Being ambitious, fastidious, and overachieving also appears to make a person more prone to exhaustion syndrome. According to Agneta Sandström’s dissertation, individuals with exhaustion syndrome demonstrate impaired memory and attention capacity as well as reduced brain activity in parts of the frontal lobes. Regulation of the stress hormone cortisol is also impacted in the group, with altered sensitivity in the hypothalamic-pituitary-adrenal axis (HPA axis). [...]
The HPA axis in the patient group shows reduced sensitivity in the pituitary, with less secretion of adrenocorticotropic hormone (ACTH) following stimulation with corticotropin (CRH), as well as heightened sensitivity in the adrenal cortex, with increased release of cortisol in relation to the amount of ACTH secreted. There is also a difference in the diurnal rhythm of cortisol, with the patients presenting a flatter secretion curve than the other two groups.
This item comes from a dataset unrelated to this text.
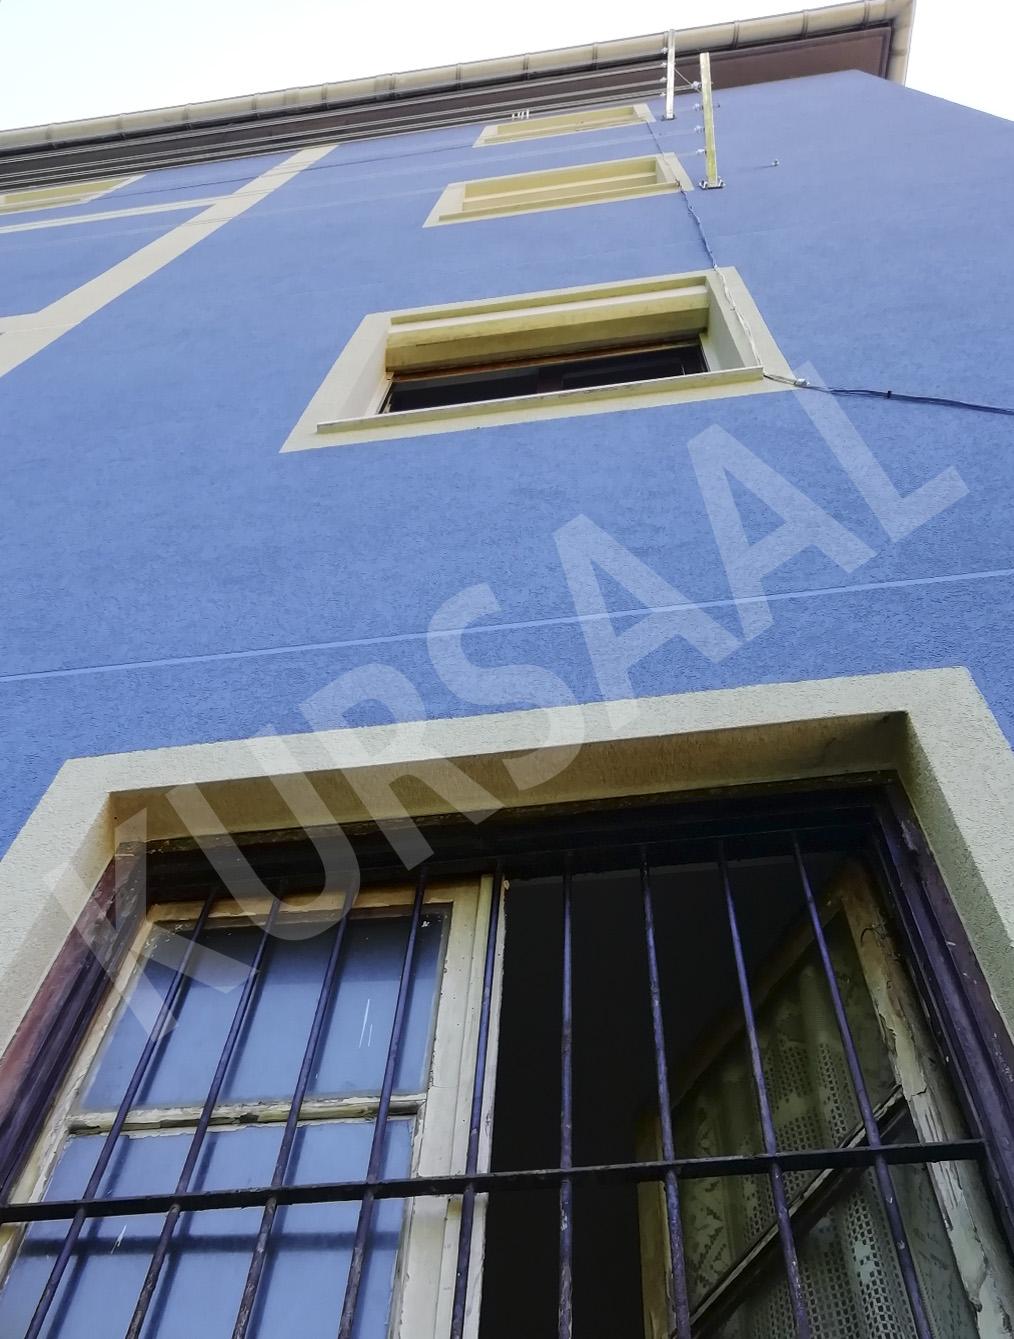 foto 2 - Aislamientos Térmicos y Eficiencia Energética-Casares 66-PASAIA, GIPUZKOA

The researchers could not detect any reduction in the volume of the hippocampus in the patient group. The proportion of individuals with measurable levels of the pro-inflammatory cytokine interleukin 1 is higher in the patient group. (via.)
Researchers found that female Siberian hamsters exposed to dim light every night for eight weeks showed significant changes in a part of the brain called the hippocampus.
This is the first time researchers have found that light at night, by itself, may be linked to changes in the hippocampus.
These alterations may be a key reason why the researchers also found that the hamsters exposed to dim light at night showed more depressive symptoms when compared to hamsters in a standard light-dark cycle.
“Even dim light at night is sufficient to provoke depressive-like behaviors in hamsters, which may be explained by the changes we saw in their brains after eight weeks of exposure,” said Tracy Bedrosian, co-author of the study and doctoral student in neuroscience at Ohio State University. [...]
The results are significant because the night-time light used in the study was not bright: 5 lux, or the equivalent of having a television on in a darkened room, said Randy Nelson, co-author of the study and professor of neuroscience and psychology at Ohio State. (via.)
Exercise can ameliorate anxiety and depression-like behaviours induced by an adverse early-life environment by altering the chemical composition in the hippocampus – the part of the brain that regulates stress response, researchers from UNSW have found. [...]
“What’s exciting about this is that we are able to reverse a behavioural deficit that was caused by a traumatic event early in life, simply through exercise,” said Professor of Pharmacology Margaret Morris, who will present the findings this week at the International Congress of Obesity in Stockholm.
In the study, rats were divided into groups and either isolated from their mothers for controlled periods of time to induce stress or given normal maternal contact. Half were given access to a running wheel.
In addition to being more anxious, animals that were subjected to stress early in life had higher levels of stress hormones and fewer steroid receptors in the part of the brain controlling behaviour.
“Both the anxious behaviour and the levels of hormones in these rats were reversed with access to the exercise wheel,” Professor Morris said.
“We know that exercise can elevate mood, but here we are seeing chemical changes that may underpin this improvement. One of these is increases in brain-derived neurotrophic factor (BDNF), which helps nerve cells grow. (via.)
In other news…
Morphine found to decrease testosterone in the brain, as well as liver, and testis. Which is interesting in light of the fact that a stressed/anxious phenotype of rat would have fewer steroid receptors in their brain.